Paweł Piwka [email protected]
Firma Boguś Bus jako jedna z 3 firm posiada zezwolenia na prowadzenie regularnych przewozów na terenie powiatu lęborskiego.
Firma Boguś Bus jako jedna z 3 firm posiada zezwolenia na prowadzenie regularnych przewozów na terenie powiatu lęborskiego. Paweł Piwka
Przewoźnicy bez zezwoleń podkradają klientów firmom, które legalnie prowadzą przewozy na trasach powiatu.

Pasażerowie podróżują bez ubezpieczenia i samochodami, które mogą być w złym stanie technicznym.

Na bardzo popularnej trasie z Lęborka do Łeby od jakiegoś czasu pojawiły się busy należące do osób nie posiadających odpowiednich zezwoleń. Żeby regularnie wozić klientów trzeba mieć specjalne pozwolenie wydawane przez starostwo powiatowe.

- Jest co najmniej kilka busów, które zabierają naszych klientów - mówi Bogusław Andrzejczak, właściciel firmy "Boguś Bus", która legalnie prowadzi przewozy pasażerskie. - Znają nasze rozkłady i podjeżdżają do przystanków kilka minut wcześniej. W ten sposób tracimy klientów.
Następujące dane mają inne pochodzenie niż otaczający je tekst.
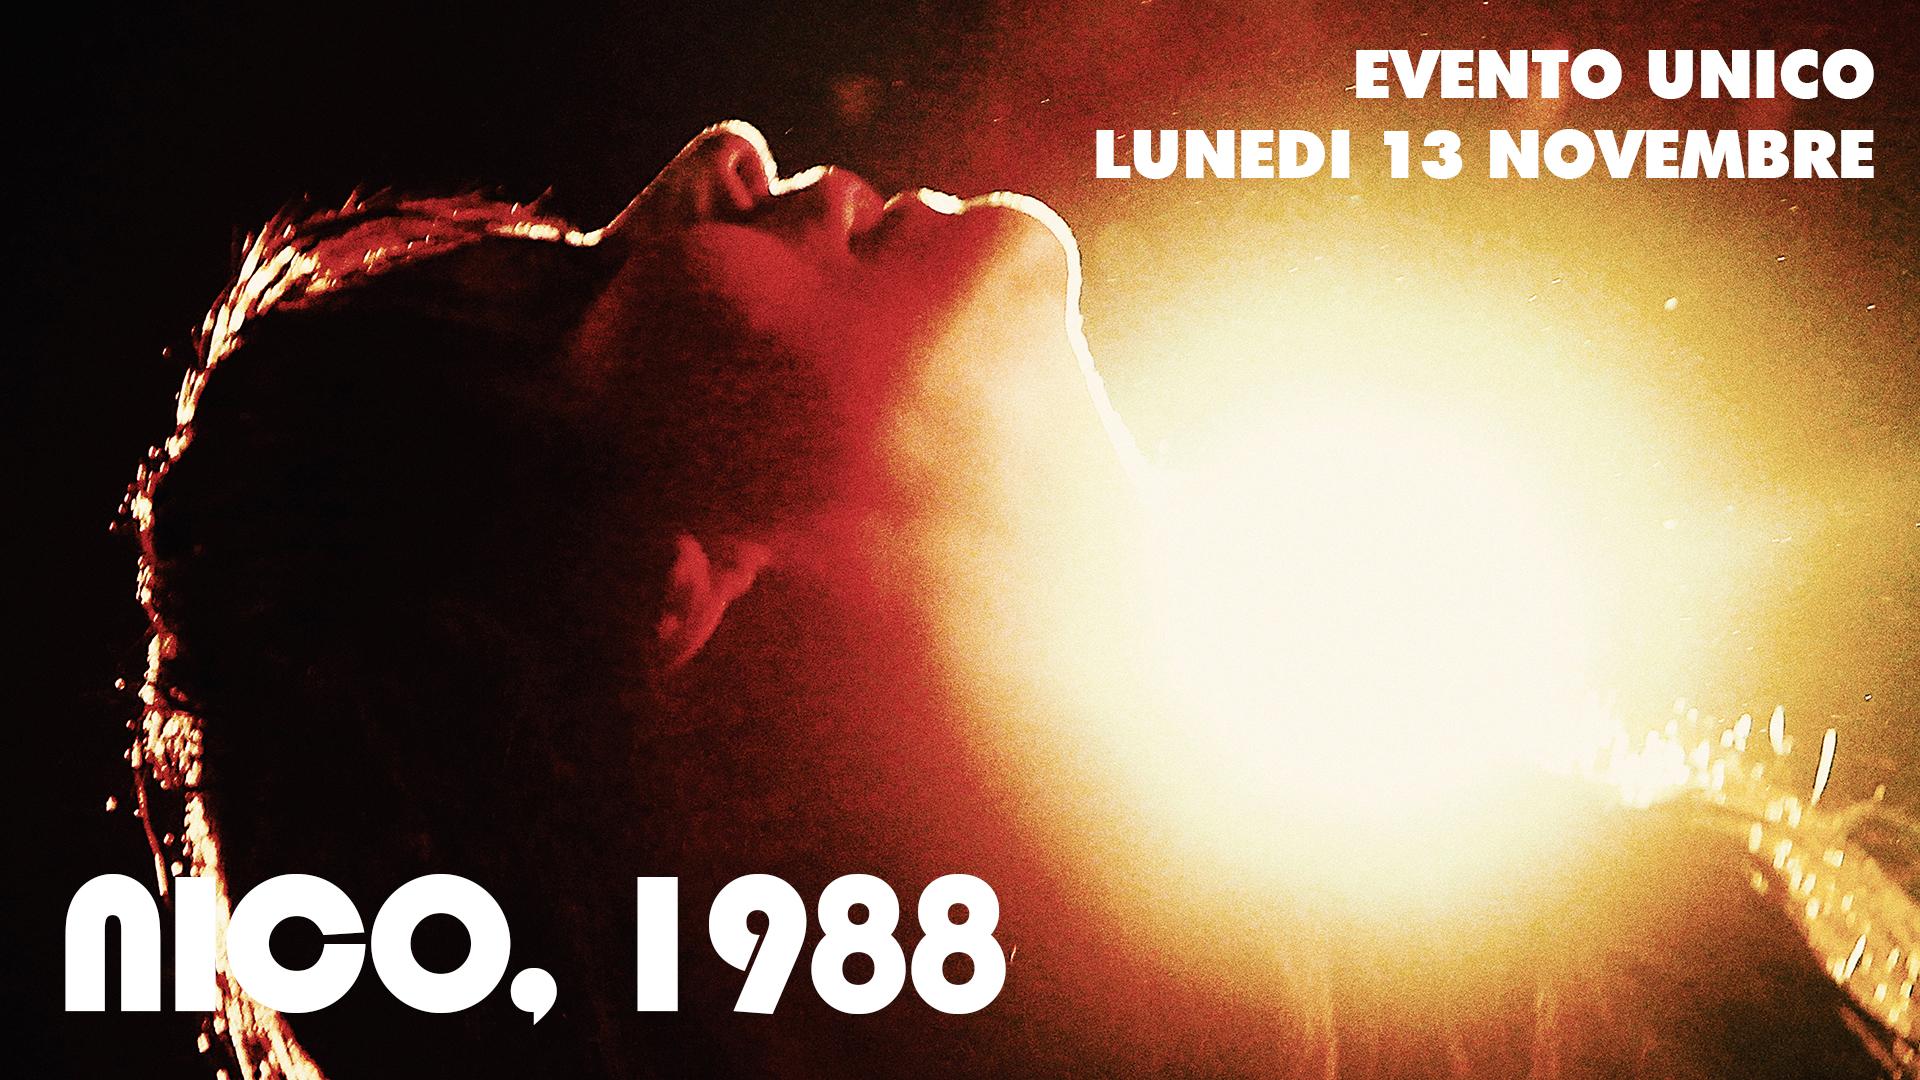 Image for: Proiezione speciale di Nico, 1988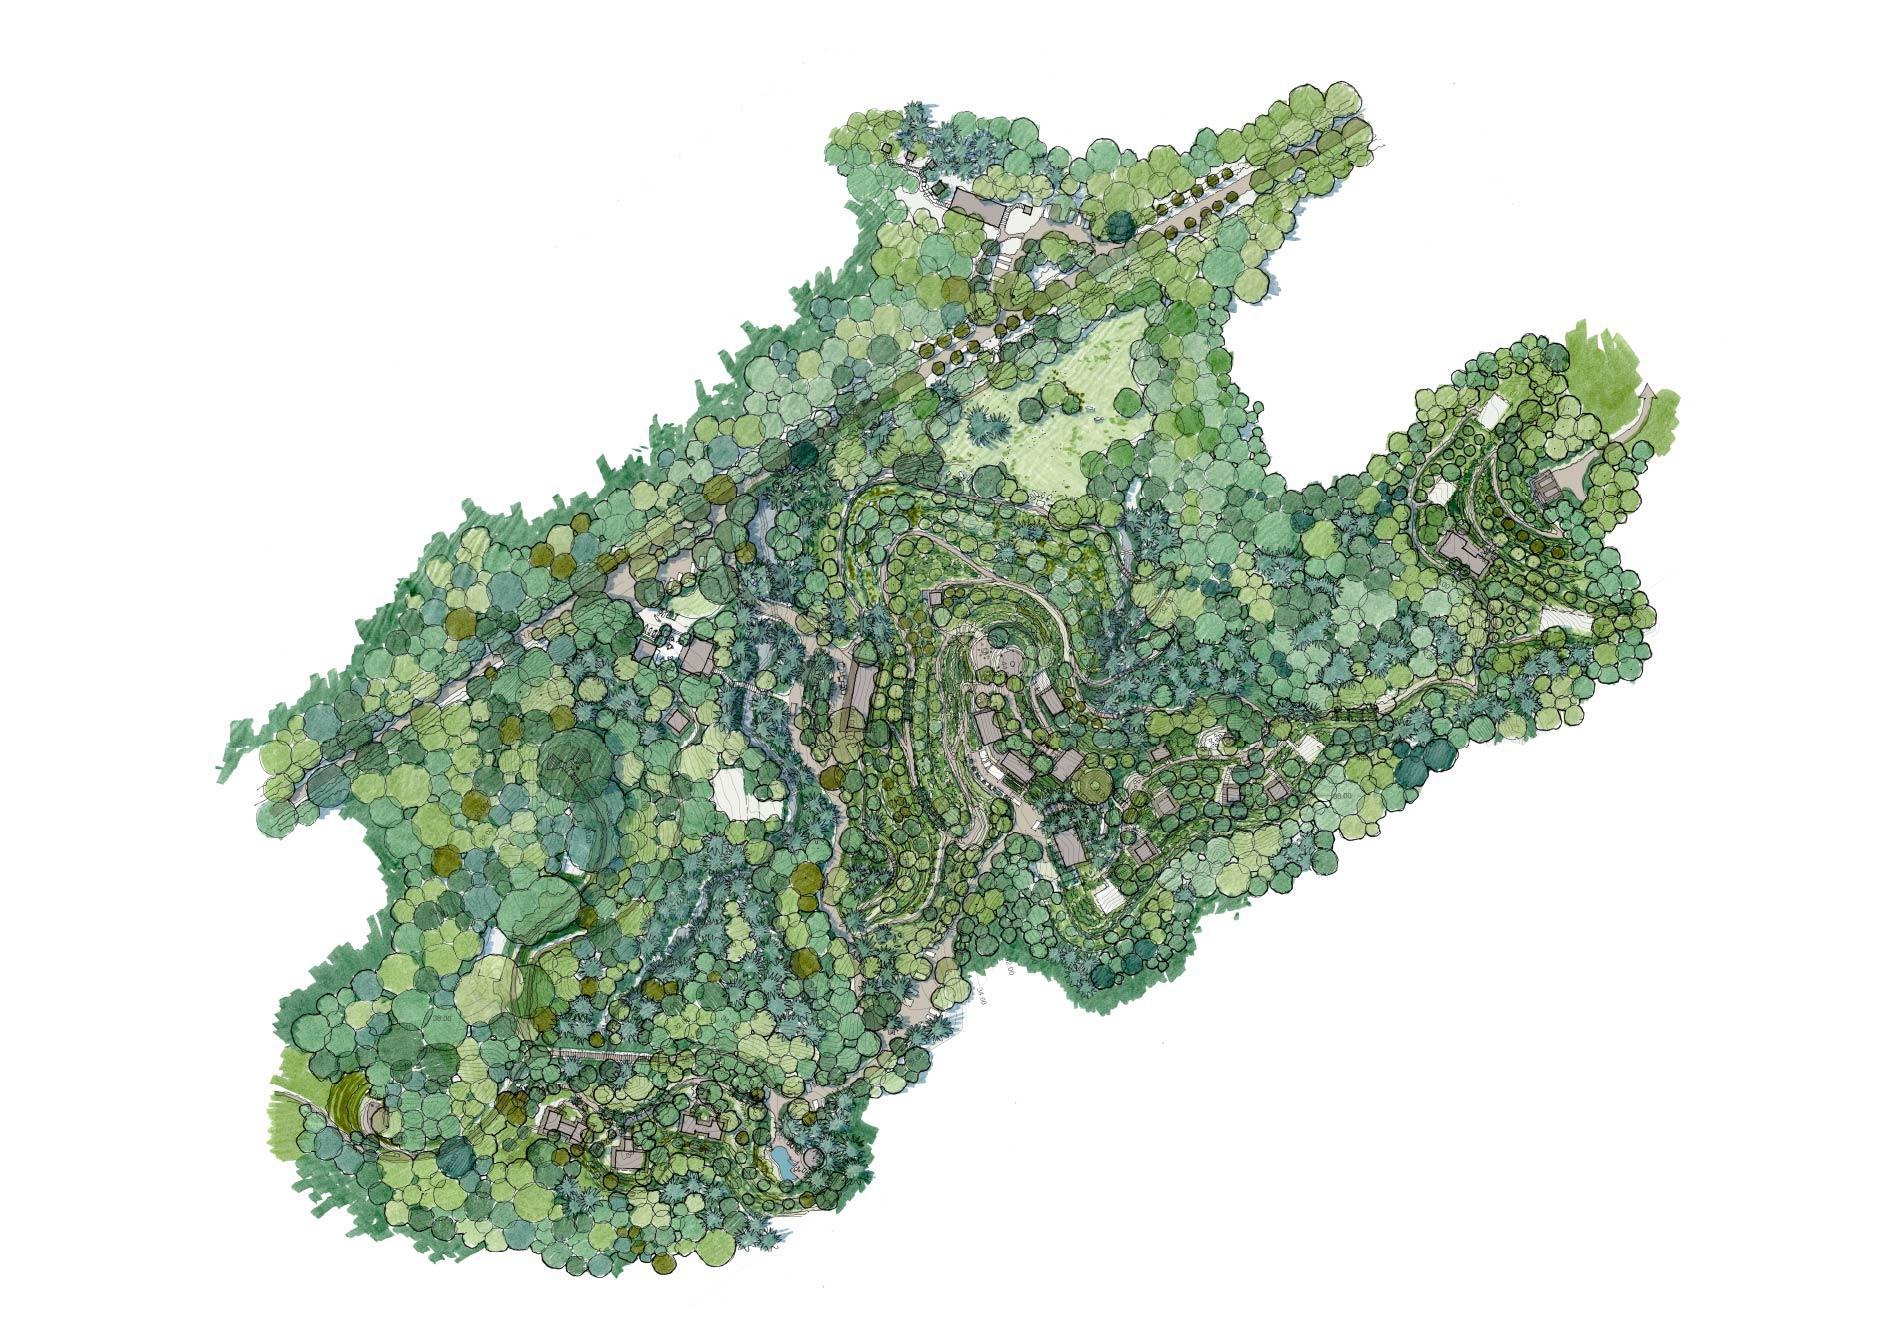 Rural-Planning_Vida_1

Pasażerowie, którzy wsiadają do nie oznakowanych busów sporo ryzykują. Nielegalny przewoźnik nie ma ubezpieczenia pasażerów. Różnie może także być ze stanem technicznym pojazdu. Busy przewoźników posiadających zezwolenia przechodzą regularne badania techniczne.
- Tak się dzieje nie tylko na trasie do Łeby - dodaje Bogusław Andrzejczak. - Często tracimy klientów podróżujących do Sarbska. Służby kontrolują nasze pojazdy, a ci, którzy robią to całkowicie nielegalnie spokojnie i na czarno prowadza swój biznes.
Według szacunkowych wyliczeń firmy, które prowadzą legalne przewozy, tracą nawet 15 procent klientów przez nielegalną konkurencję.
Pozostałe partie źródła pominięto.